MLK III: Climate change and pollution take away civil rights

It was perhaps not fully known that day in 1963, on the crowded steps of the Lincoln Memorial, that my father’s audacious dream would reshape the contours of justice and equality in America.

I’m proud of my father, but my pride cannot be fully measured by that snapshot in history. Because contrary to first glance, my father’s legacy comes not from his presiding over the final act in the drama of fighting for equal rights — his legacy is about setting the stage.

Because he knew then the enduring challenge we would still face today: So long as America is an economically and socially divided nation, the project of equality is a project unfinished.

My father, the Rev. Martin Luther King, Jr., devoted his life to achieving civil equality in our democracy, but that was only the beginning.
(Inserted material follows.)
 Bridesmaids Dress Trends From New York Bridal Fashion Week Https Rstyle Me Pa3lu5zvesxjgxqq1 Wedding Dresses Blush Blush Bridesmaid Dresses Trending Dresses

The poor and disenfranchised — too often those in communities of color — still disproportionately bear society’s harms through no fault of their own. That truth has compelled the fight for social justice across the spectrum: labor rights, women’s rights — and yes — environmental rights.

Because no matter who we are or where we come from, we’re all entitled to the basic human rights of clean air to breathe, clean water to drink, and healthy land to call home.
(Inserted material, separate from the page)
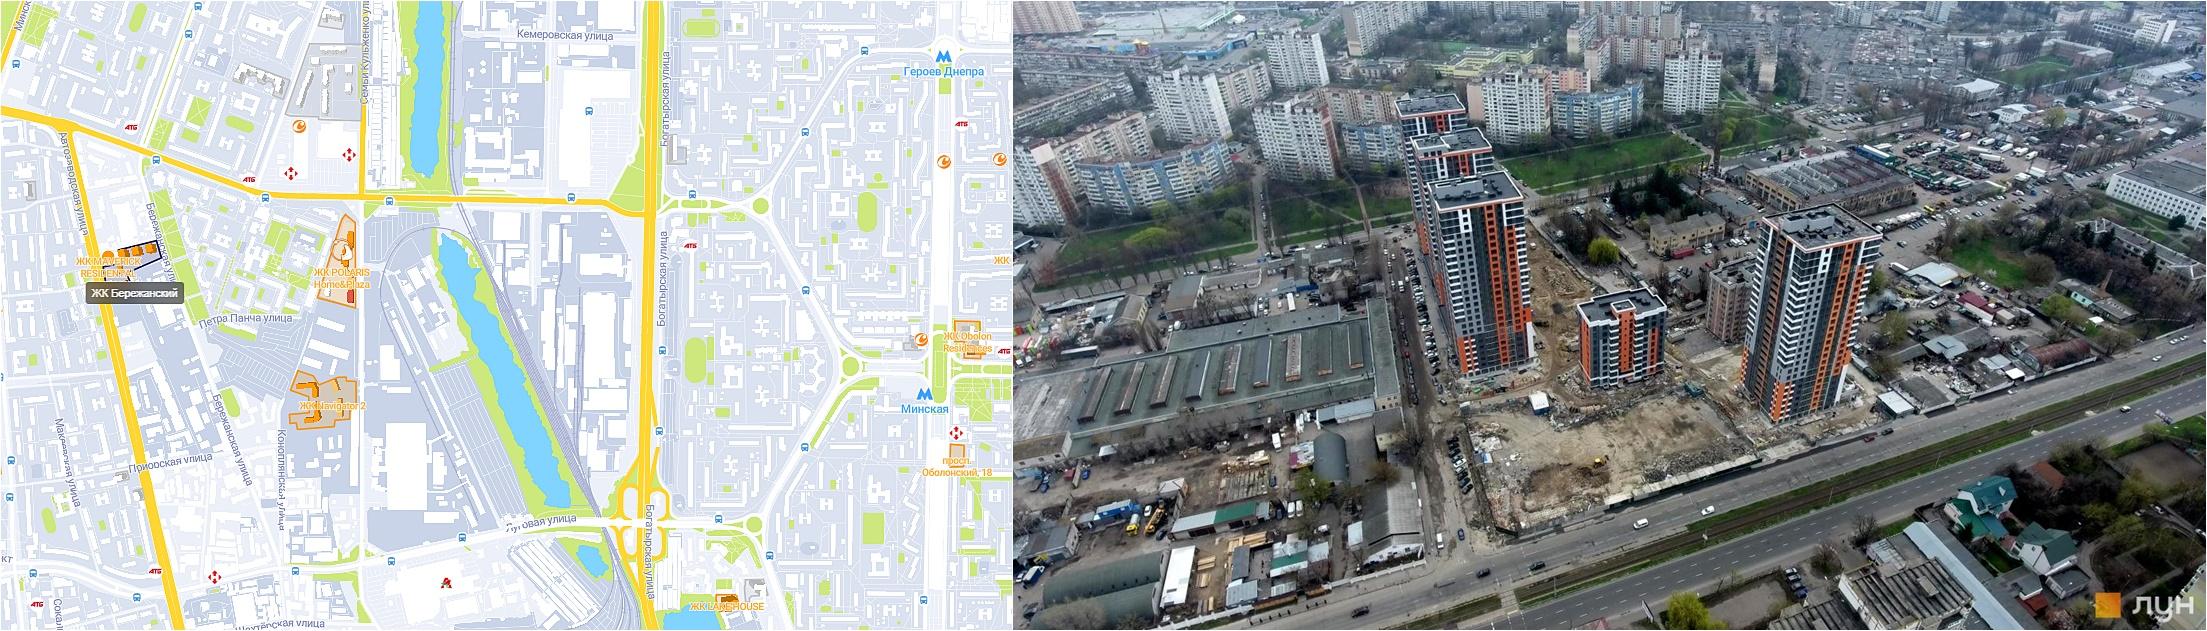 ЖК Бережанский на карте и аэрооблет

Make no mistake, the injustice of climate change and the pollution that fuels it are among this century’s most debilitating engines of inequality.
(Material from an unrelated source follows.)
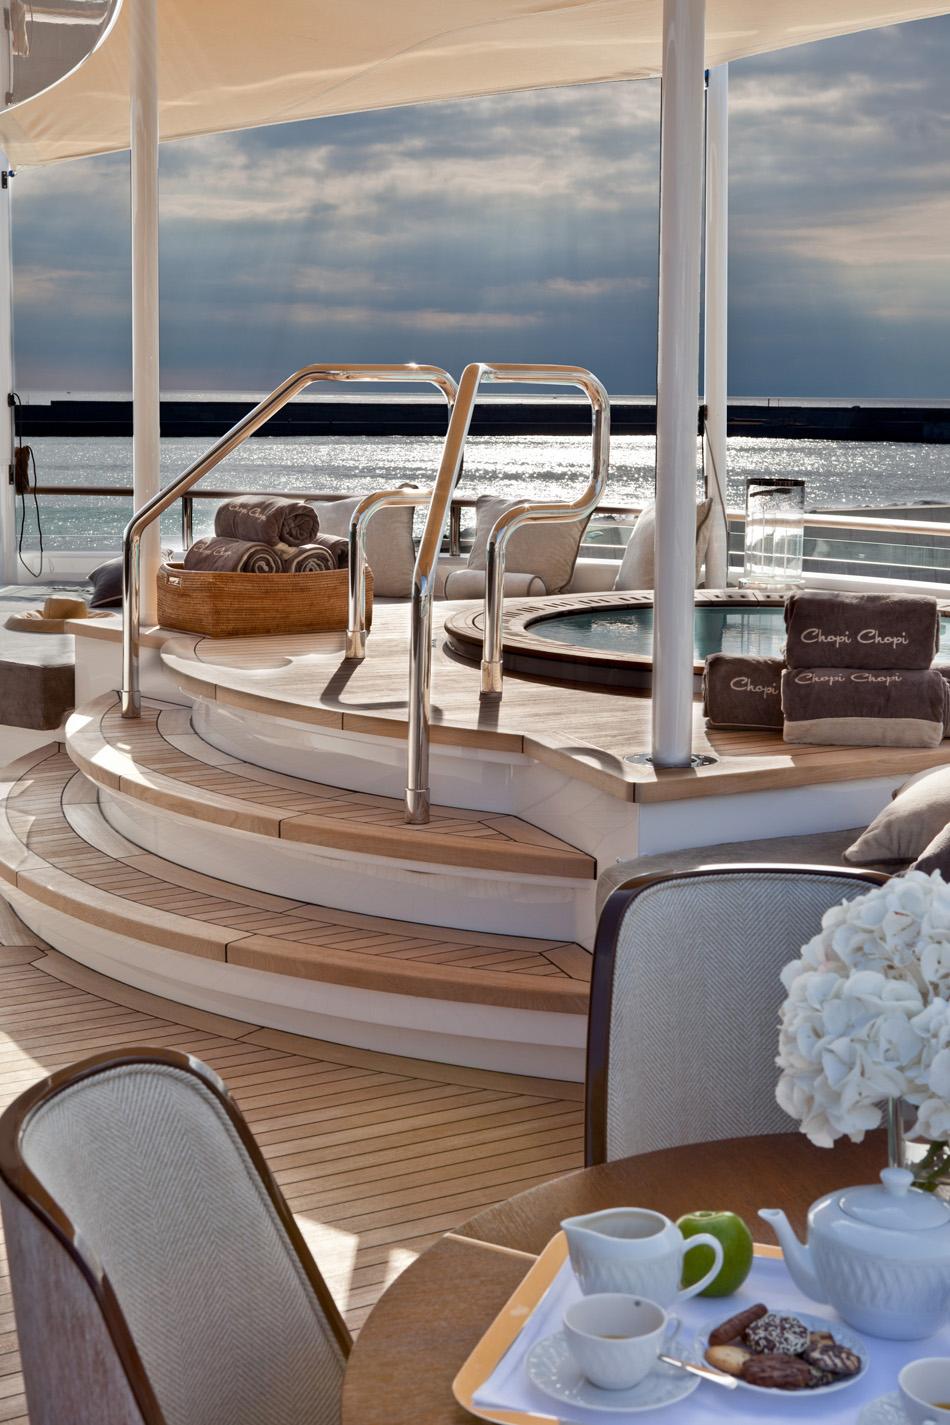 crn-mega-yachts-chopi-chopi-designboomg06

Climate change pries further apart the haves and have-nots. When Sandy leaves New York dark and underwater; when Katrina sweeps away homes in New Orleans; when coastal cities face continual worry as rising seas pollute drinking water — it is low-income inner city families who suffer most. When punishing drought smothers livelihoods and inflates food prices; when warmer temperatures bring more smog, more asthma, and longer allergy seasons; when heatwaves and cold snaps descend on urban, unprepared neighborhoods — it is communities of color who suffer.

Climate change is fueled by carbon pollution — largely from our power plants — and comes packaged with smog and soot, causing thousands of asthma attacks, hospital visits, and premature deaths every year, especially in vulnerable minority populations. The NAACP found that almost 40% of the 6 million Americans living in close proximity to coal-fired power plants are people of color. Increased exposure to power plant pollution is especially hazardous to African-American children, who are three times as likely to die from asthma than white children.

Our obligation to fight pollution traces the roots of its persuasion to that same moral mountaintop from which my father lent his voice to the voiceless. The pursuit of civil equality in health helped build our environmental laws. If those laws are our shield from environmental disenfranchisement, then the U.S. Environmental Protection Agency is the defender that wields it. The EPA is our answer to the injustice of a society stratified by its exposure to pollution.

The EPA already protects our families from harmful pollutants, like lead, mercury, and arsenic, but there are currently no rules stopping power plants from dumping endless amounts of industrial carbon pollution into our air. That’s why President Obama has directed the EPA to set new limits on carbon pollution from our power plants.

Regulating the carbon pollution that fuels climate change will also cut smog and soot, and the health benefits would likely be felt immediately by people living near power plants. EPA’s plan will help head off 3,600 premature deaths, lead to 90,000 fewer asthma attacks in children, and prevent 300,000 missed work and school days, according to the White House.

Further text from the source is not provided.